BEGIN Data shown

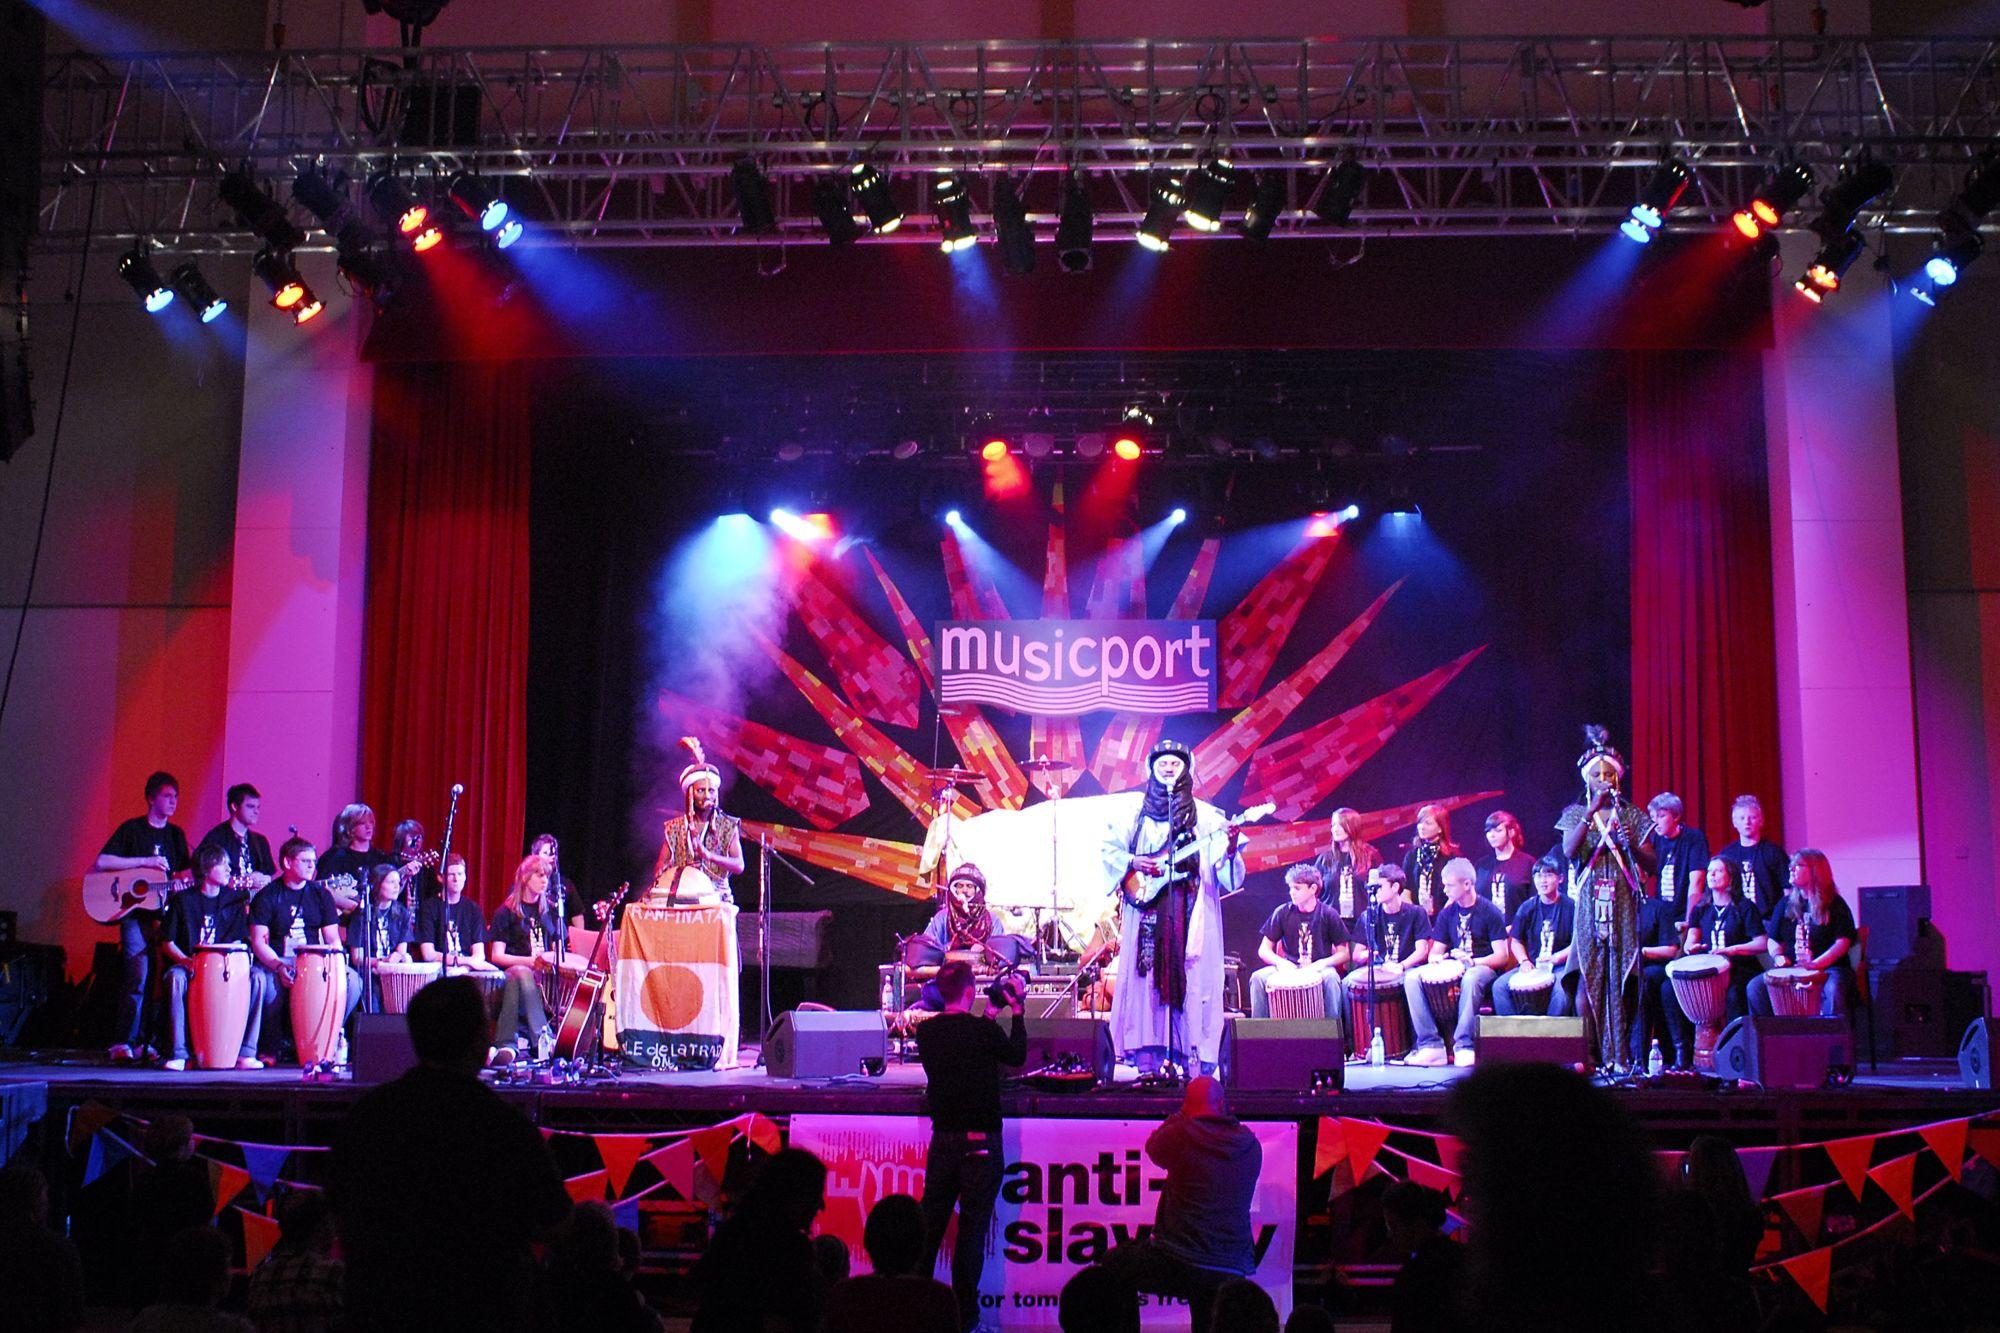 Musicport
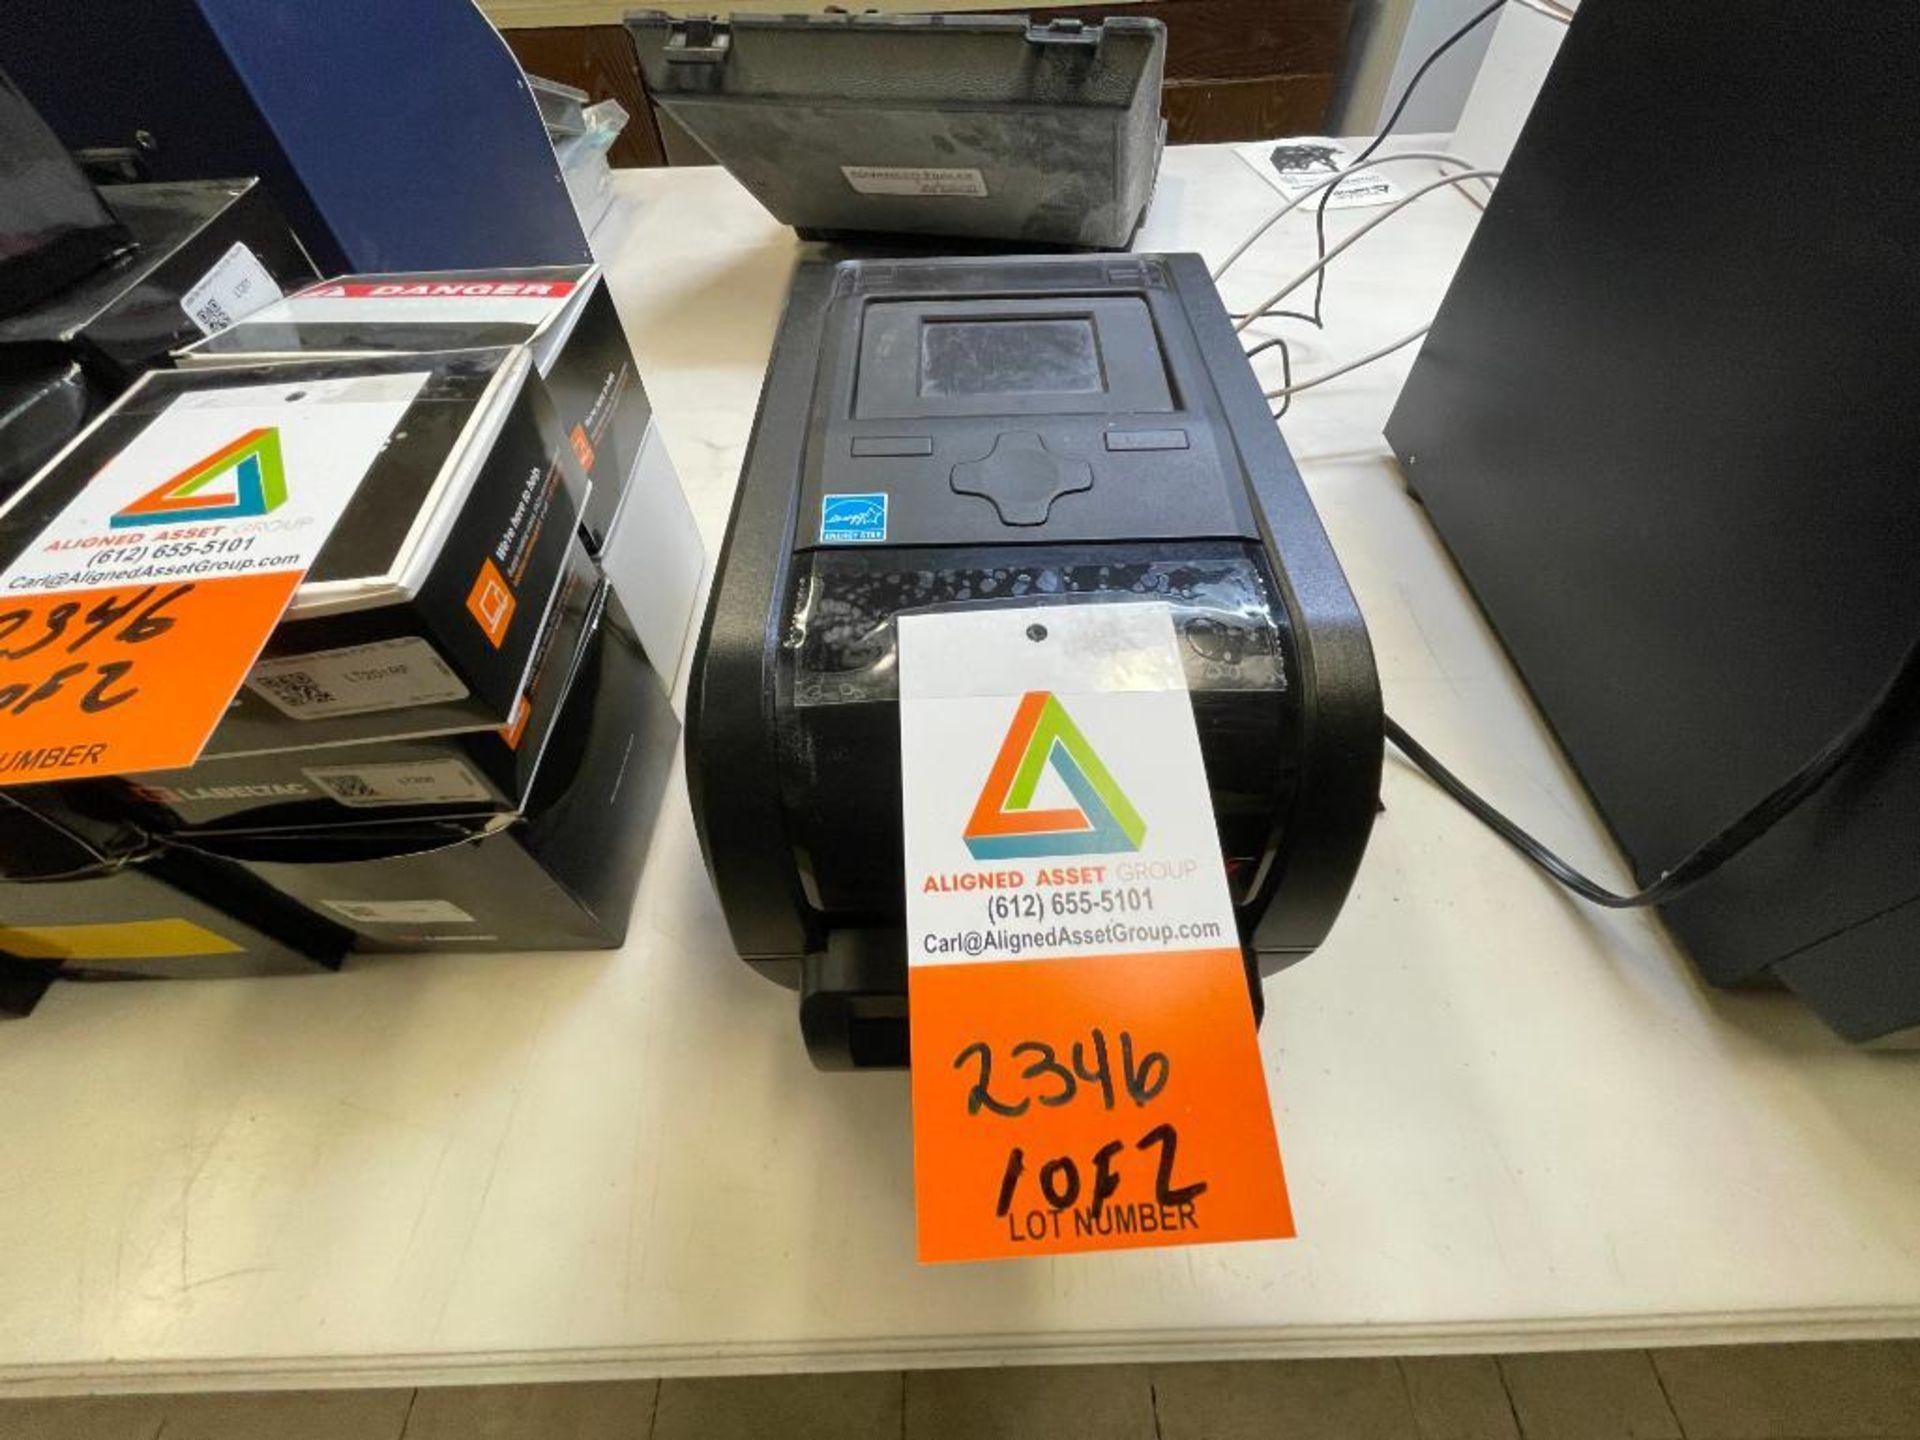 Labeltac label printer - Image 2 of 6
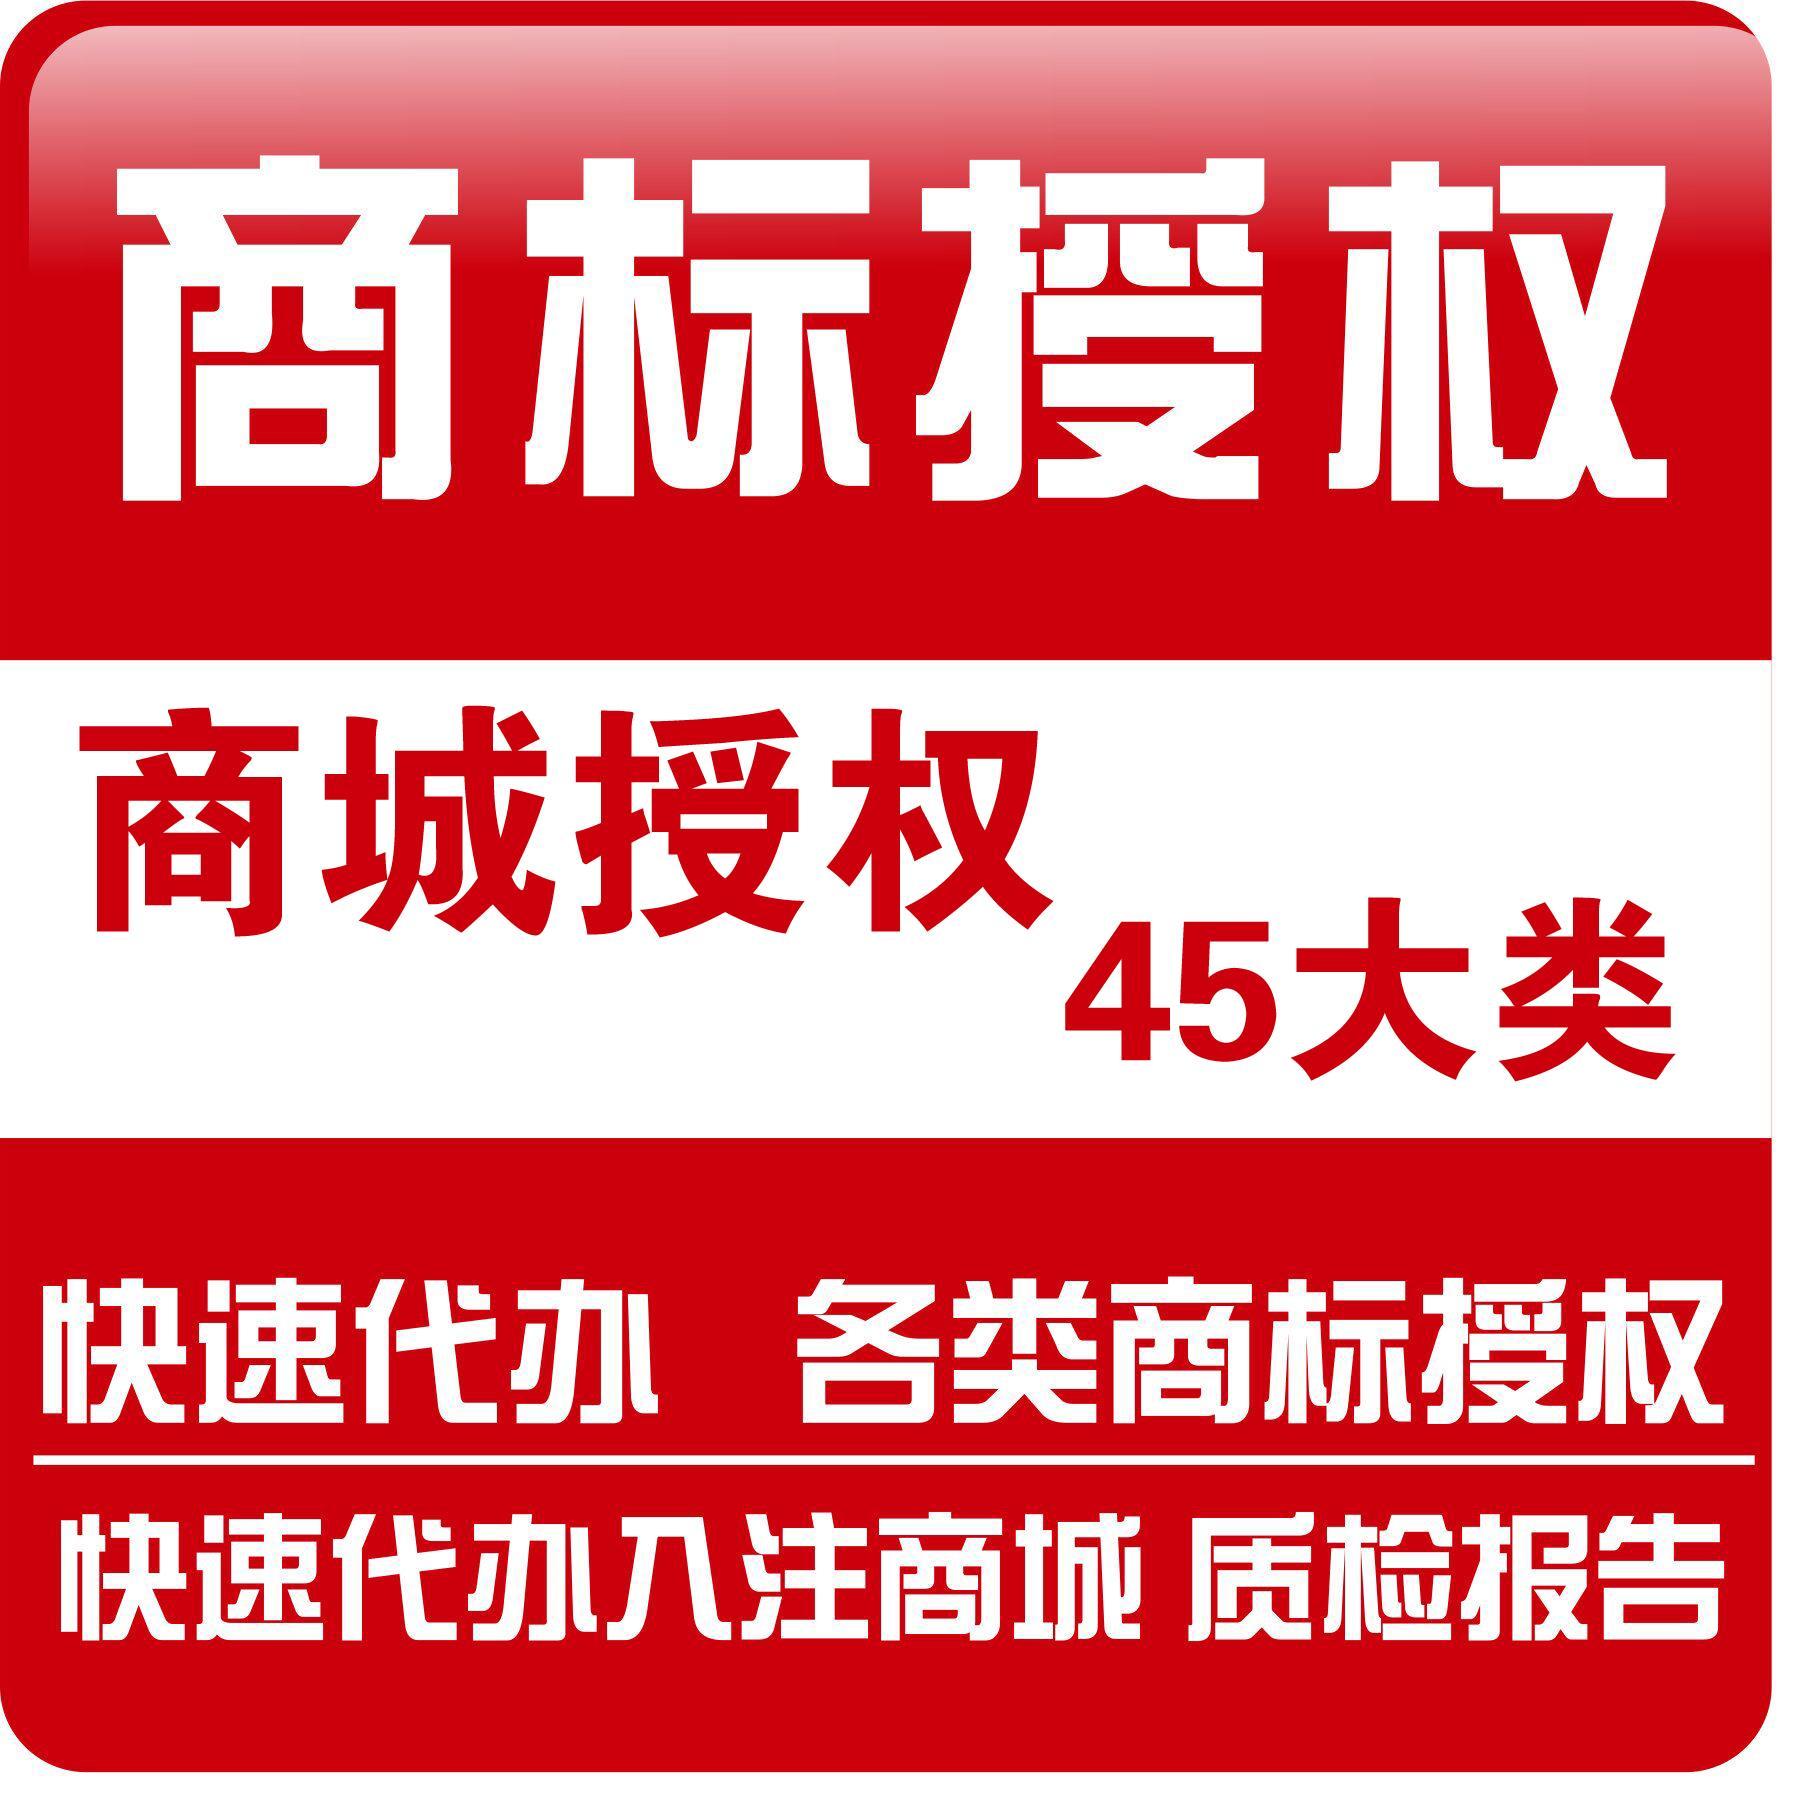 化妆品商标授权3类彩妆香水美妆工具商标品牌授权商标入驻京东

END Data shown

Try it
Write the listing out again in full and unchanged, minus any pictures.

Answer to this problem
 Musicport
 Labeltac label printer - Image 2 of 6
 化妆品商标授权3类彩妆香水美妆工具商标品牌授权商标入驻京东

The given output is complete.